1. O “Educador” como Modelo comportamental
Henrique Santos
Educador de Infância
Antes de mais quero agradecer à equipa da Câmara Municipal de
Loures que tão oportunamente organizou este evento, que, espero,
bons frutos traga.
Em segundo lugar, quero agradecer a todos os presentes, certo que a
vossa presença aqui, só por si, já é uma etapa ganha no esforço de
cooperação, colaboração e solidariedade que os problemas aqui
abordados nos exigem,
por último, e porque sou naturalmente optimista, espero que esta
minha breve intervenção não vos mace e que até vos possa trazer
algumas informações úteis.
Apresento-me aqui, em nome da Associação de Profissionais de
Educação de Infância, mas primeira e assumidamente como Educador
de Infância, e por tal, talvez o que vos venha dizer possa parecer, à
primeira vista (ou audição) uma tremenda infantilidade, mas espero
poder convencê-los do contrário.
A questão que desde sempre persegue educadores, pais, autarcas e a
comunidade em geral é a de saber até que ponto as experiências da
primeira e segunda infância (0-6 anos) constituem factores
determinantes do desenvolvimento subsquente, ao nível cognitivo, da
personalidade e na interacção com o meio.
Embora os efeitos a longo prazo das experiências da infância sejam,
em certa medida, reversíveis, no caso da personalidade, no seu todo,
as bases lançadas neste período de vida parecem conservar-se
razoavelmente estáveis. No que concerne à interacção com o meio, e
como complemento activo do desenvolvimento da personalidade,
poderemos acreditar que a vivência de certas experiências chave
2. poderá contribuir para a assimilação e incorporação de
comportamentos duradouros.
Para exemplificar, e de certa forma fundamentar esta primeira
“laracha” surge-nos um estudo, com já alguns anos, de Haslow, que
criou macacos Rhesus em isolamento completo uns dos outros e de
qualquer mãe viva, real ou animada.
Neste estudo, os bébés sobreviveram muito bem até à idade adulta.
Chegados aí, porém, mostravam-se completamente anormais. Não
interagiam com outros adultos e nem sequer para fins sexuais.
Algumas fêmeas conseguiram ficar prenhes mas ou ignoravam ou
mesmo matavam as crias.
Posteriormente outros estudos, agora desenvolvidos com crianças,
evidenciam e comprovam que estas, em idades da primeira e
segunda infância, sujeitas a bons cuidados e uma boa comunicação
parecem desenvolver rotinas profundas e íntimas com efeitos
irreversíveis. Daqui se pode concluir, numa conclusão rápida e
fundamentada apenas para este efeito, que a infância (esta infância)

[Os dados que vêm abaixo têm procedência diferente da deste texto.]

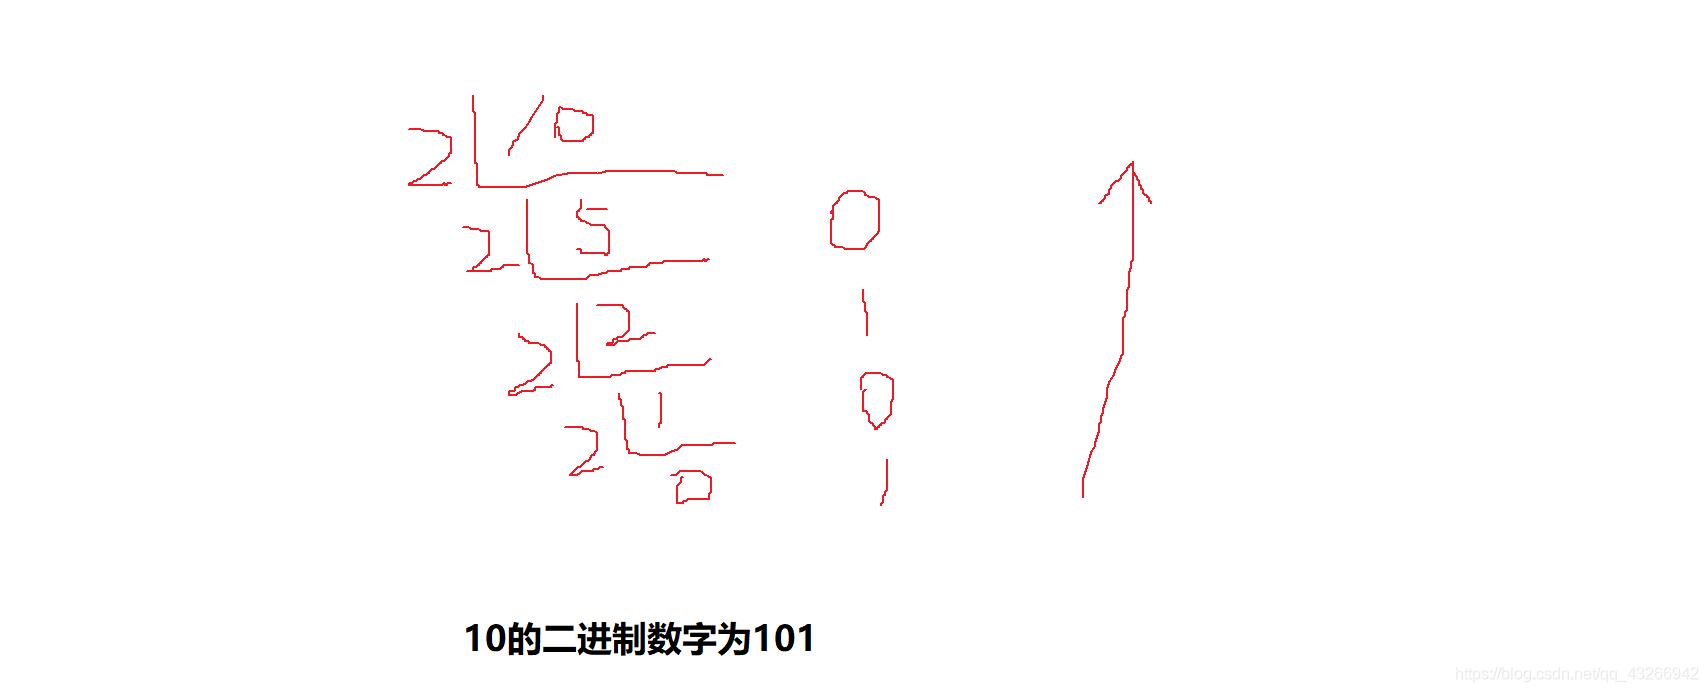 二进制算法图解

é a fase da vida mais importante para desenvolver a capacidade a
que chamamos personalidade, e onde se arrumam os
comportamentos, as atitudes e as crenças dos humanos (entre
outras).
Passado este primeiro espaço de reflexão, surge-nos agora, e porque
é, reconhecidamente, um dos mais importantes “adultos” em
interacção com as crianças em idade pré-escolar, o Educador de
Infância.
O papel do educador de infância, e de todos os educadores em geral,
é o de promoção de experiências verdadeiramente ricas e completas
que permitam a vivência e a aquisição de conhecimentos úteis. É este
o desafio que se coloca (generalizando agora) aos educadores e à
Escola.
Diz-se que o primeiro objectivo da escolas consiste, frequentemente,
em transmitir conhecimentos aos alunos. Continuando a generalizar,
3. diz-se também que pouco importa o contexto pedagógico, ou seja, as
actividades de aprendizagem e o próprio contexto de ensino e
aprendizagem. Diz-se que o que é verdadeiramente importante é que
os alunos apreendam os conteúdos, os conceitos.

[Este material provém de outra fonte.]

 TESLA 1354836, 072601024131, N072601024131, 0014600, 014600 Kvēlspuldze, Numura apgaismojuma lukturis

No entanto, a prática actual têm-nos mostrado, com cada vez maior
evidência, que é preciso abandonar a ideia que os conceitos são
entidades autónomas e abstractas. Eles são, fundamentalmente o
produto de actividades sociais e culturais. É preciso ter a consciência
que o conhecimento conceptual é, na sua base, um conjunto de
instrumentos que serão utilizados em situações reais. Quem fala em
“instrumentos” fala em situação, história, perícia, experiência, arte,
artesão. Um instrumento só existe desde que haja uma situação que
permita o seu emprego e apoia-se sobre a história das suas
utilizações. Em suma, só aprendemos sobre determinado
“instrumento” se o utilizarmos devidamente, e dele retirarmos
conhecimento.
Se quisermos concluir este segundo intermezzo, teremos de afirmar
que é necessário fazer os conhecimentos sair do seu contexto
escolar, colocá-los no seu contexto original e então ensinar as
características culturais na sua origem com o auxílio de actividades
autênticas, ou seja, as práticas comuns da cultura.
Mas estamos então a falar de quê?
A nossa sociedade atravessa um período de transição que
provavelmente marca o fim de um ciclo de história do nosso planeta:
A Industrialização desenfreada das sociedades.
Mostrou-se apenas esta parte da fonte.